**Available data:**
-=-=-

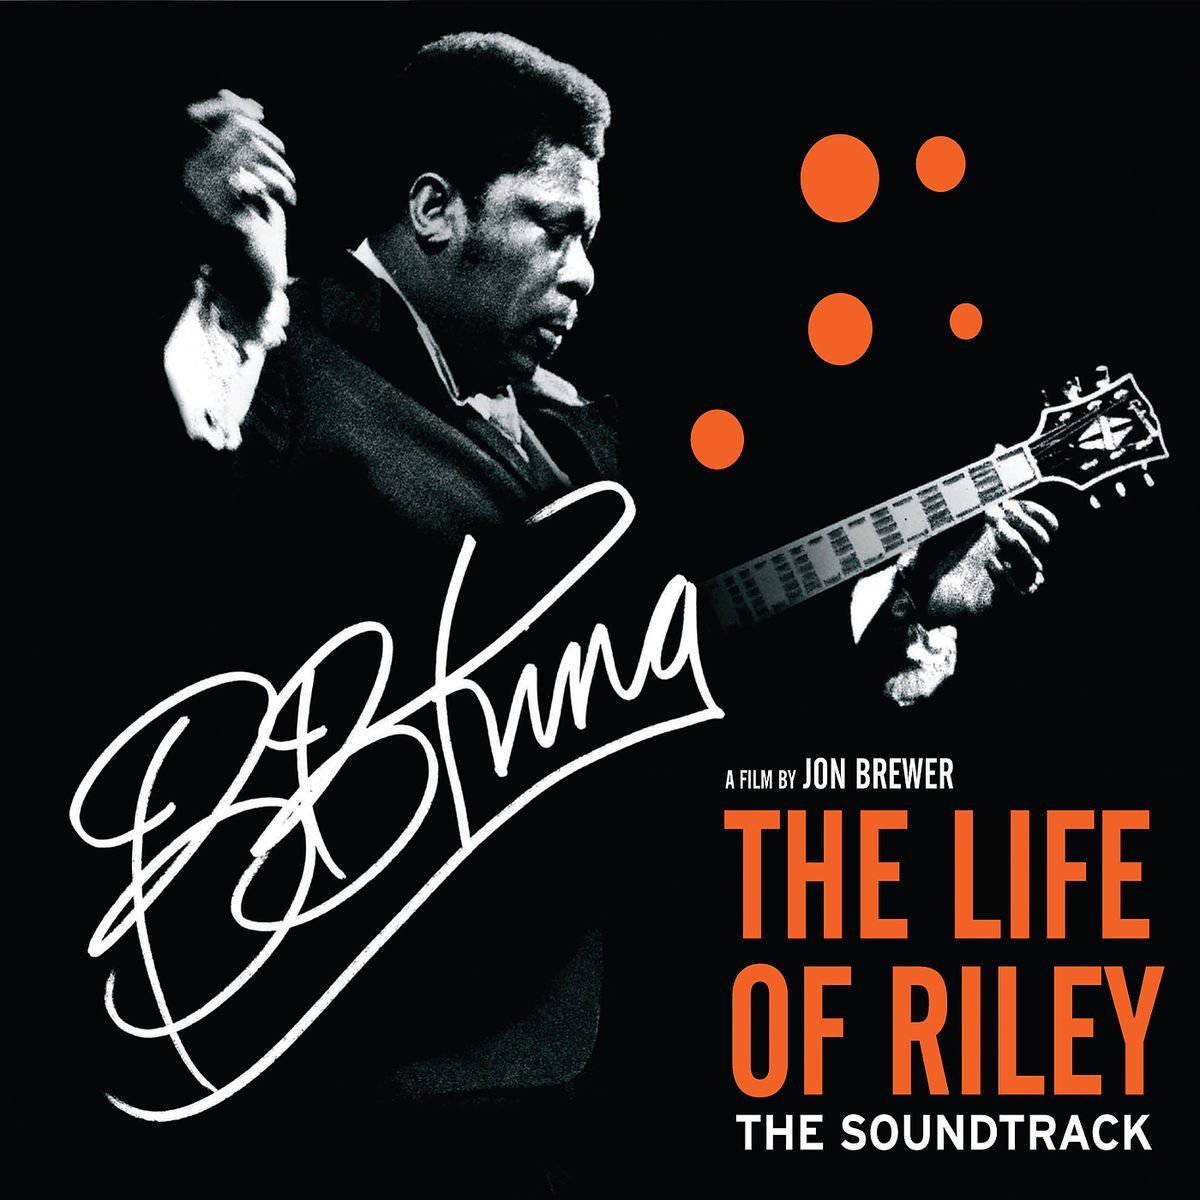 B.B. King Documentary: The Life of Riley
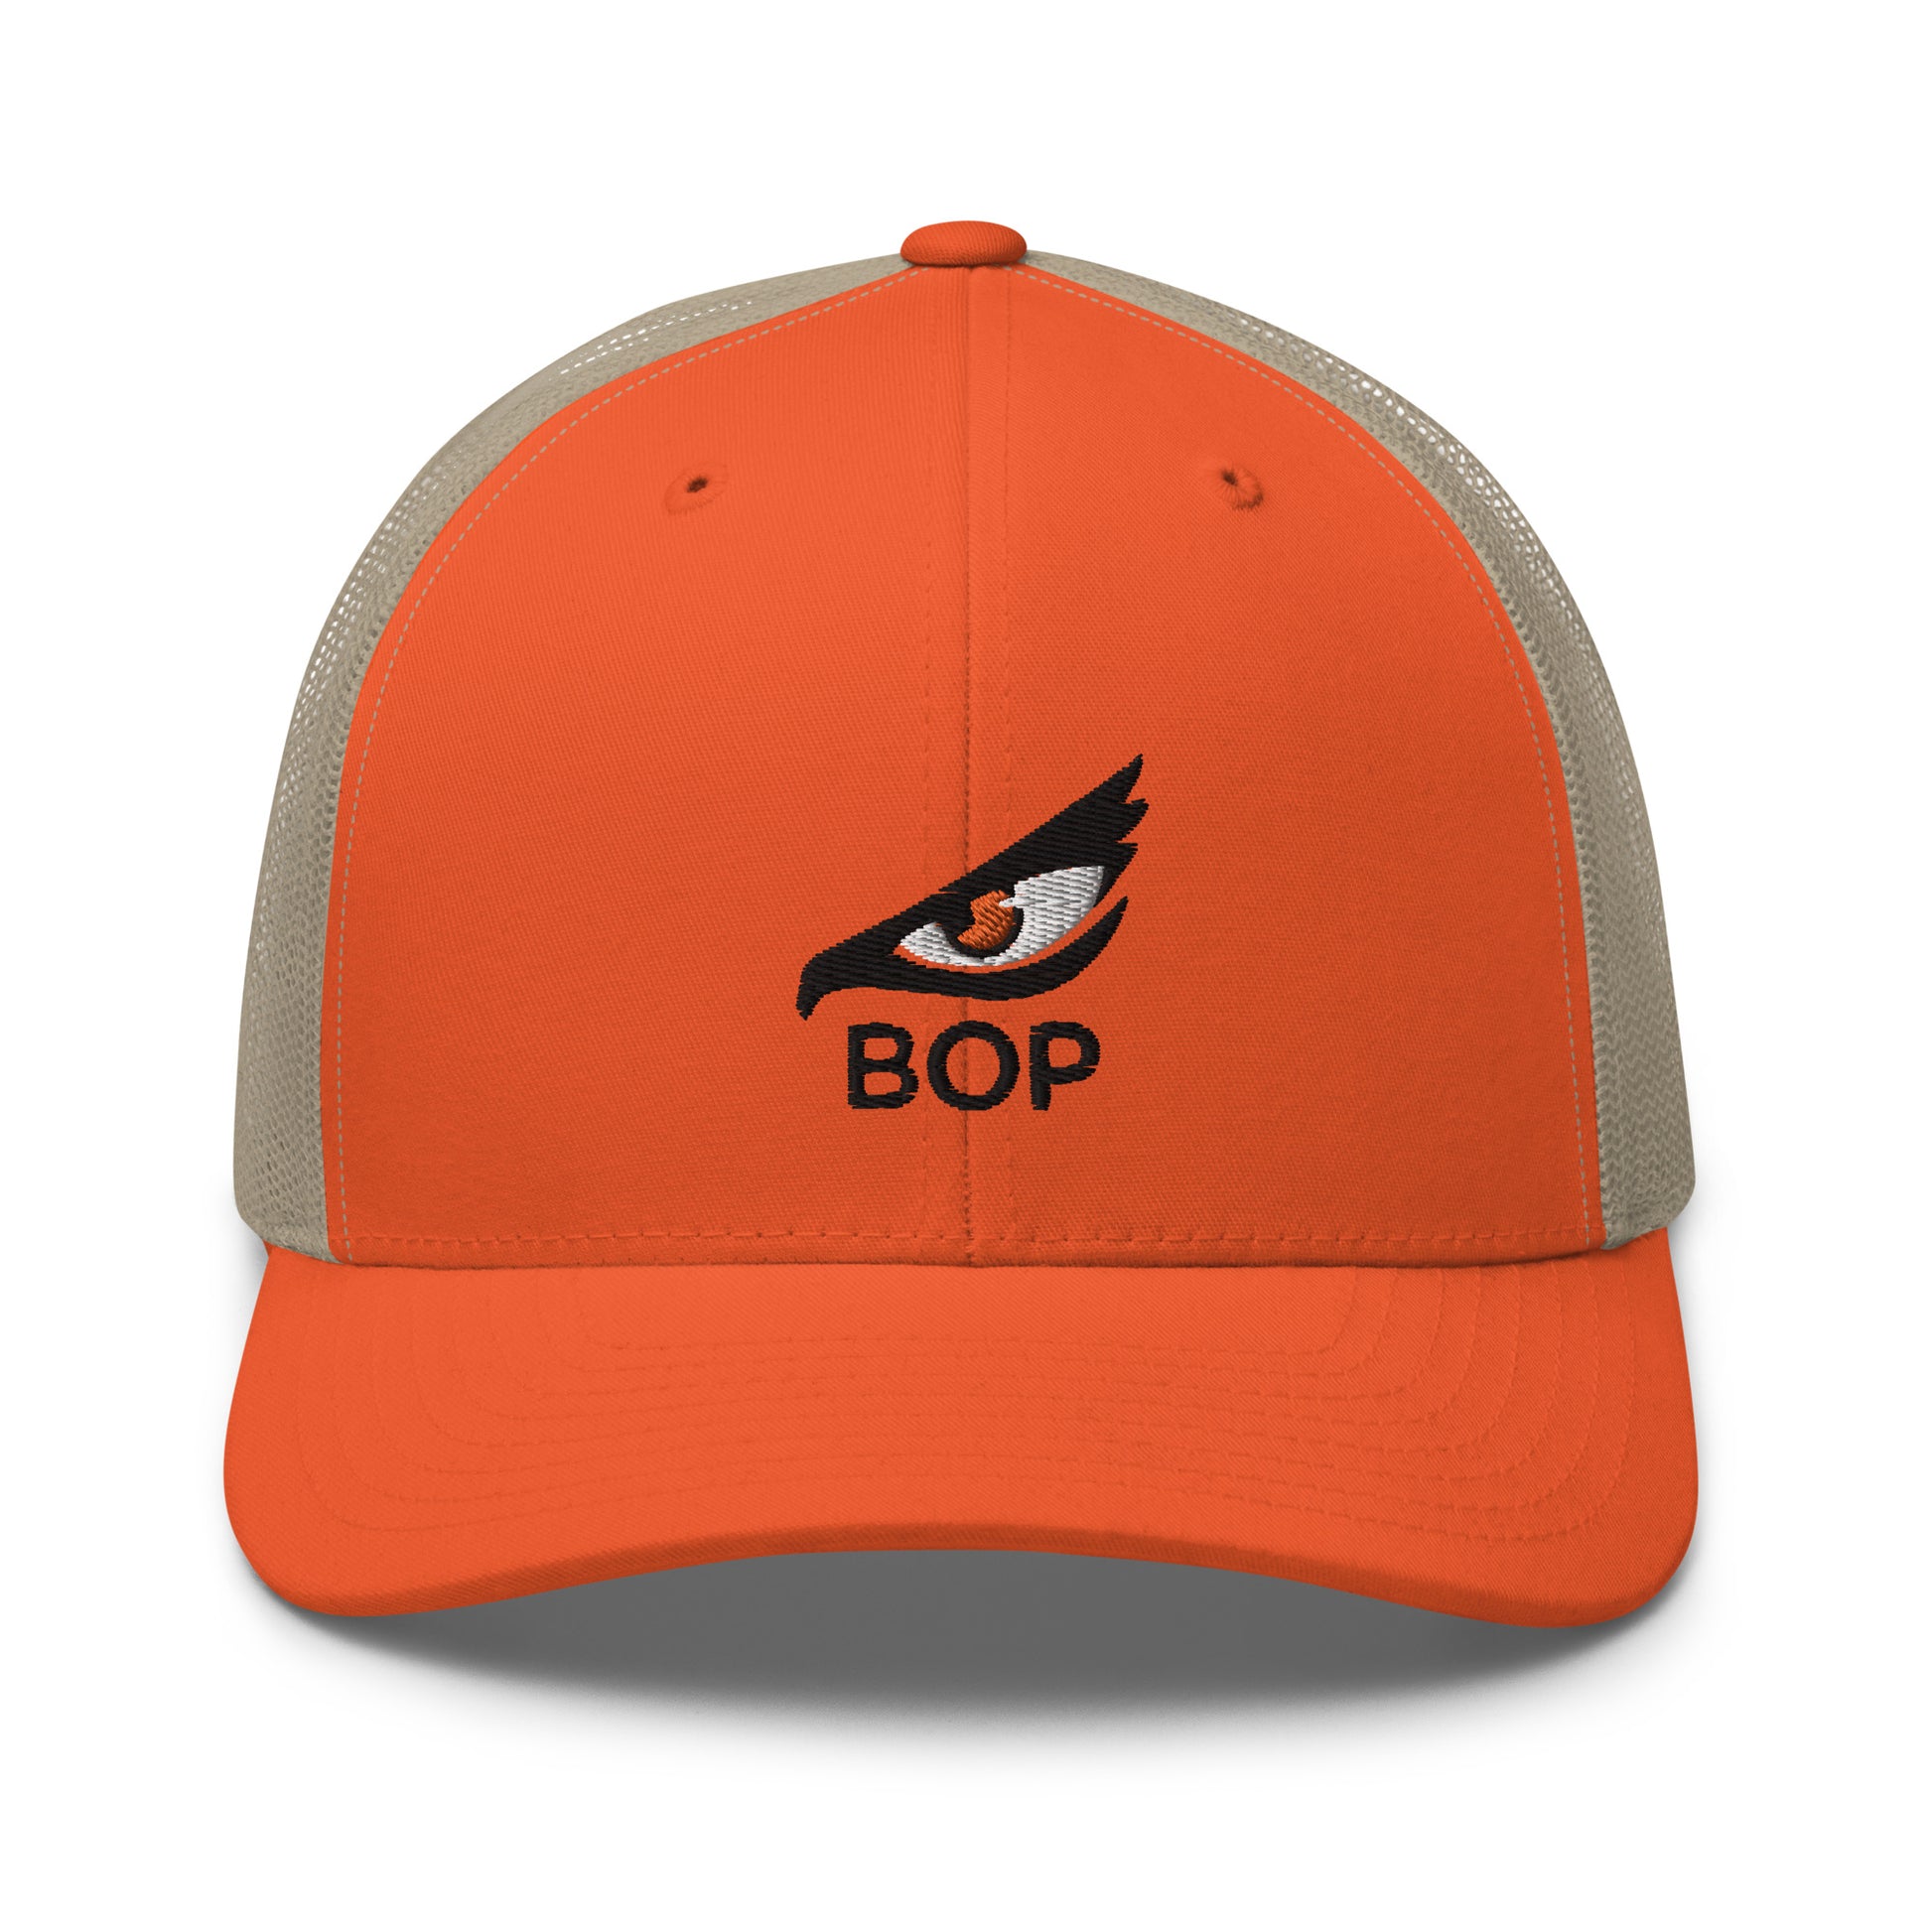 Orange Trucker Hat for Men with Mesh Back and Eagle Eye
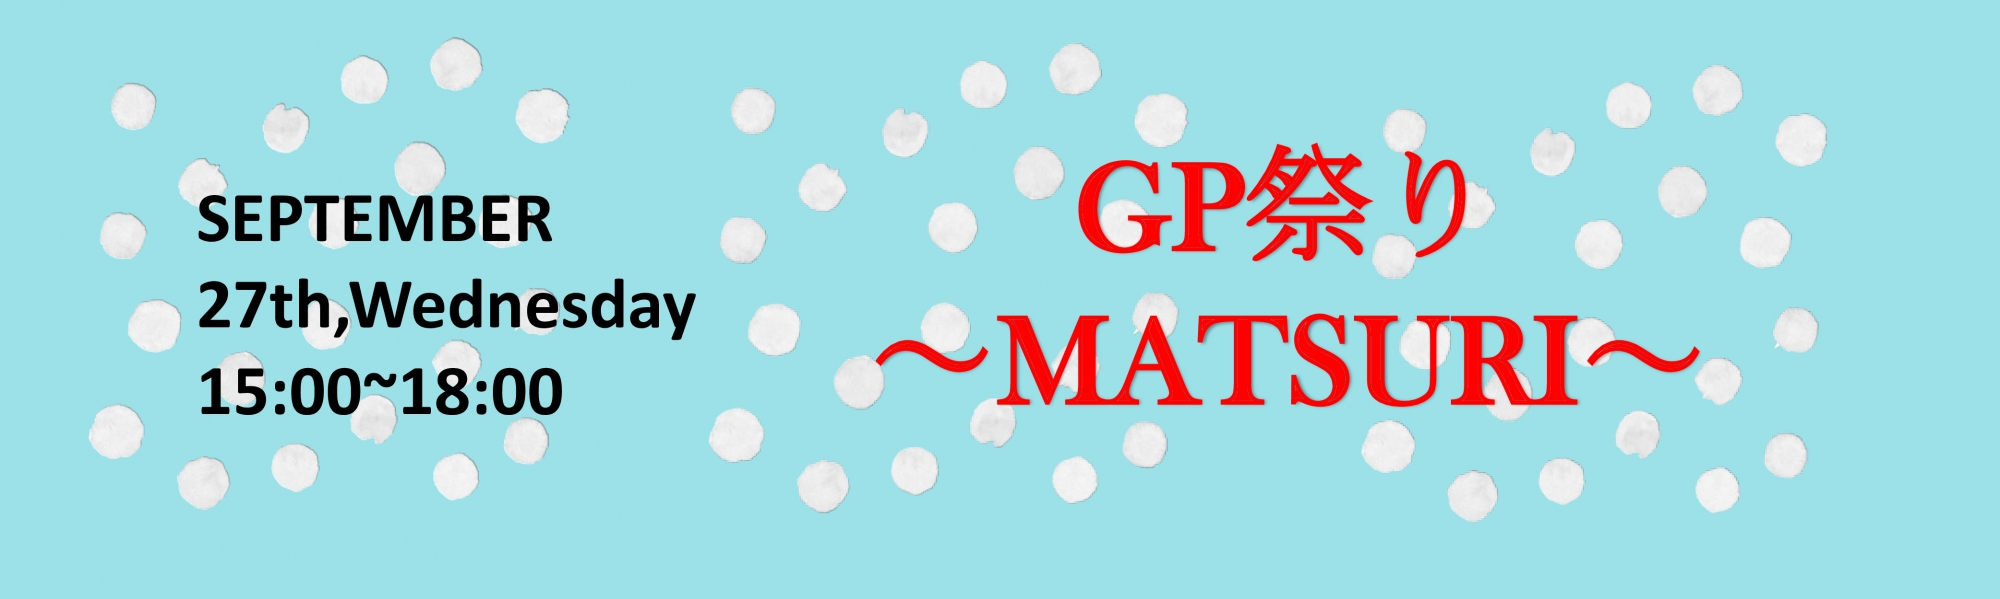 GP祭り ~matsuri~

-=-=-

**Requirement:** Your copy should match the data above exactly, apart from the pictures.

**Result of the exercise:**
 B.B. King Documentary: The Life of Riley
 Orange Trucker Hat for Men with Mesh Back and Eagle Eye
 GP祭り ~matsuri~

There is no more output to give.